DETAILED DESCRIPTION
[0030] The following discussion and accompanying figures disclose
various sport ball configurations and methods of manufacturing the
sport balls. Although the sport ball configurations are discussed
and depicted in relation to a soccer ball, concepts associated with
the configurations and methods may be applied to various types of
inflatable sport balls. In addition to soccer balls, therefore,
concepts discussed herein may be incorporated into basketballs,
footballs (for either American football or rugby), and volleyballs,
for example. A variety of non-inflatable sport balls, such as
baseballs, softballs, and golf balls, may also incorporate concepts
discussed herein.
[0031] Sport Ball Structure
[0032] A sport ball 10 with the configuration of a soccer ball is
depicted in FIGS. 1 and 2. Ball 10 has a layered structure that
includes a casing 20, an intermediate layer 30, and an inflatable
or inflated bladder 40, each of which are depicted in FIGS. 2 and
3. Casing 20 forms an exterior of ball 10 and is generally formed
from various panels 21 that are joined along abutting sides or
edges to form a plurality of seams 22. Each of panels 21 are
depicted as having the shapes of equilateral pentagons. In further
configurations of ball 10, however, panels 21 may be formed from a
combination of pentagonal and hexagonal shapes, panels 21 may have
non-equilateral shapes, panels 21 may have concave or convex edges,
and selected panels 21 may be formed integral with adjacent panels
21 to form bridged panels that reduce the number of seams 22, for
example. Panels 21 may also have a variety of other shapes (e.g.,
triangular, square, rectangular, hexagonal, trapezoidal, round,
oval) that combine in a tessellation-type manner to form casing 20,
and panels 21 may also exhibit non-regular or non-geometrical
shapes. In other configurations, casing 20 may have a seamless
structure (i.e., a configuration where seams 22 are absent).

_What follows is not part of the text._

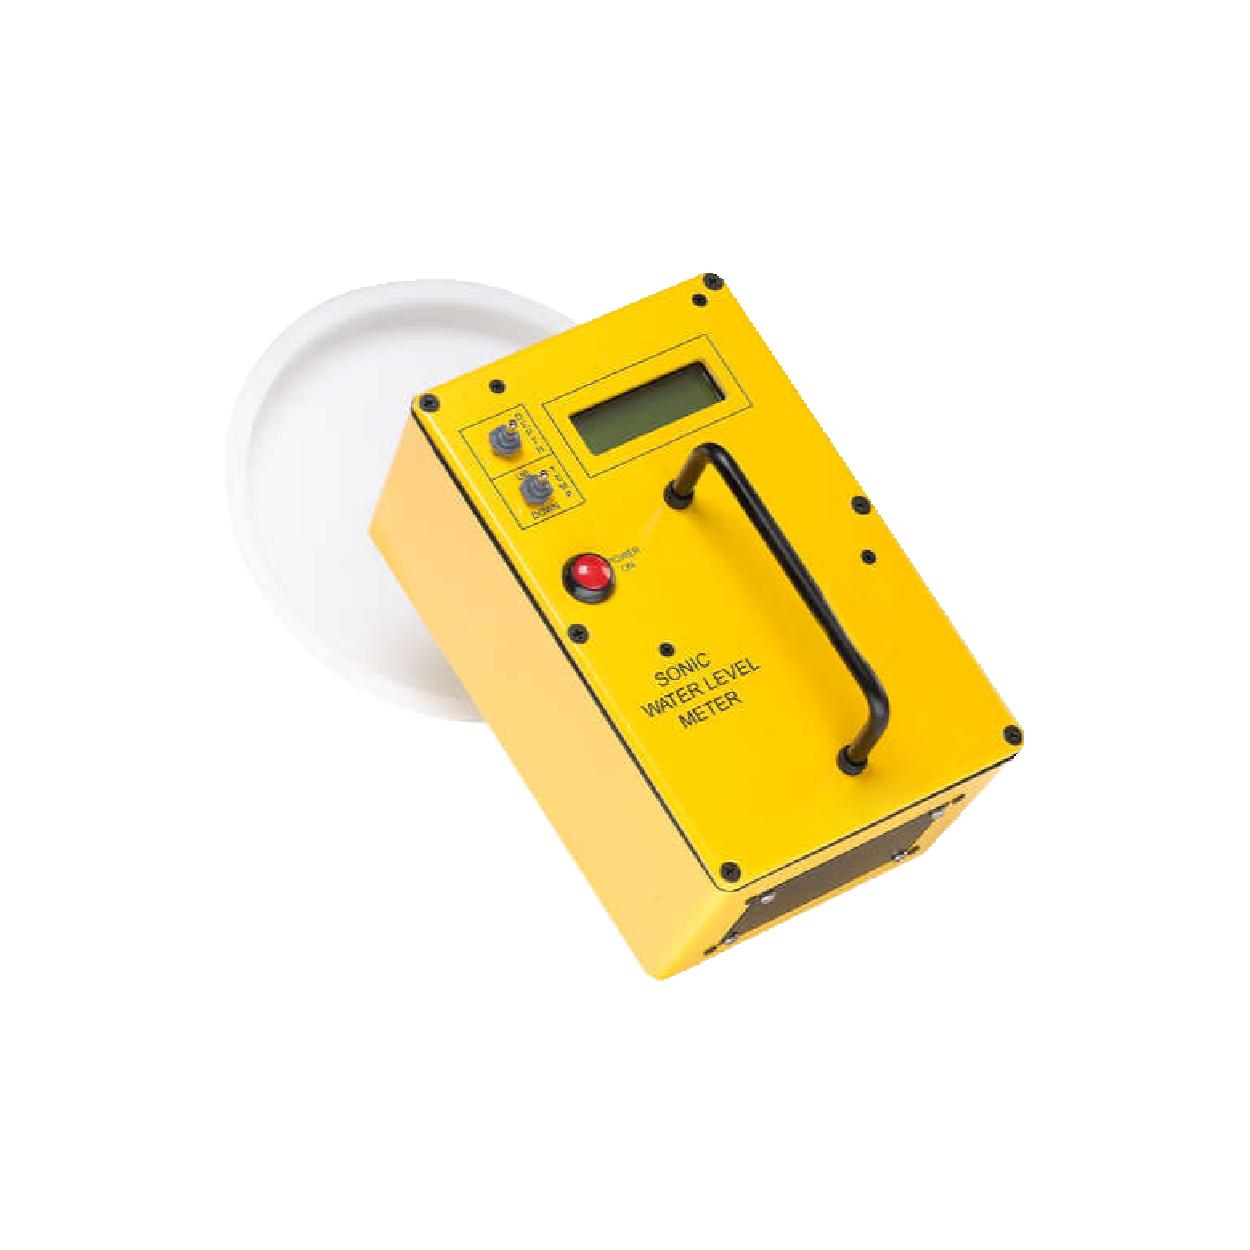 LV625_misuratore_livello_a_ultrasuoni_portatile

[0033] The materials selected for casing 20 may be leather,
polyurethane, polyvinyl chloride, various other thermoplastic or
thermoset materials, or other suitable materials, whether synthetic
or natural, that are generally durable and wear-resistant. In some
configurations, each of panels 21 may have a layered configuration
that combines two or more materials. For example, an exterior
portion of each panel 21 may be formed from polyurethane, and an
interior portion of each panel 21 may be formed from a textile
element 23, as depicted in FIG. 4A. That is, textile element 23 may
be bonded to the polyurethane and positioned adjacent to
intermediate layer 30. As an alternative to textile element 23,
non-textile materials or reinforcing structures may also be
incorporated into casing 20. Accordingly, the configuration of
casing 20 may vary significantly to include a variety of
configurations and materials.
[0034] An advantage of casing 20 relates to the manner in which
panels 21 are joined to form seams 22. The panels of conventional
sport balls may be joined with stitching (e.g., hand or machine
stitching). Although panels 21 may be joined through stitching in
some configurations, a heatbonding method is utilized in ball 10 to
join panels 21 and form seams 22. More particularly, panels 21 may
be formed from a thermoplastic material, and edges of panels 21 may
be heated and bonded to each other to form seams 22. An advantage
of heatbonding when forming seams 22 relates to the overall mass of
ball 10. Whereas approximately ten to fifteen percent of the mass
of a conventional sport ball may be from the seams between panels,
heatbonding panels 21 may reduce the mass at seams 22. By
eliminating stitched seams in casing 20, the mass that would
otherwise be imparted by the stitched seams may be utilized for
other structural elements that enhance the performance properties
(e.g., energy return, sphericity, mass distribution, durability,
aerodynamics) of ball 10.
[0035] Intermediate layer 30 forms a middle layer of ball 10 that
is positioned between casing 20 and bladder 40. As discussed in the
Background section above, conventional intermediate layers are
formed from foam, rubber, textiles, and adhesive layers. In
comparison, FIGS. 2 and 3 depict intermediate layer 30 as being
formed from a polymer foam material. That is, the polymer foam
material extends from a surface of casing 20 to a surface of
bladder 40. Although substantially all of intermediate layer 30 may
be formed from the polymer foam material, some configurations of
intermediate layer 30 may incorporate other elements. For example,
intermediate layer 30 is depicted as incorporating a textile
element 31 in FIG. 4B. Although textile element 31 may extend
through a central area of intermediate layer 30, textile element 31
may also be located adjacent to bladder 40, as depicted in FIG. 4C.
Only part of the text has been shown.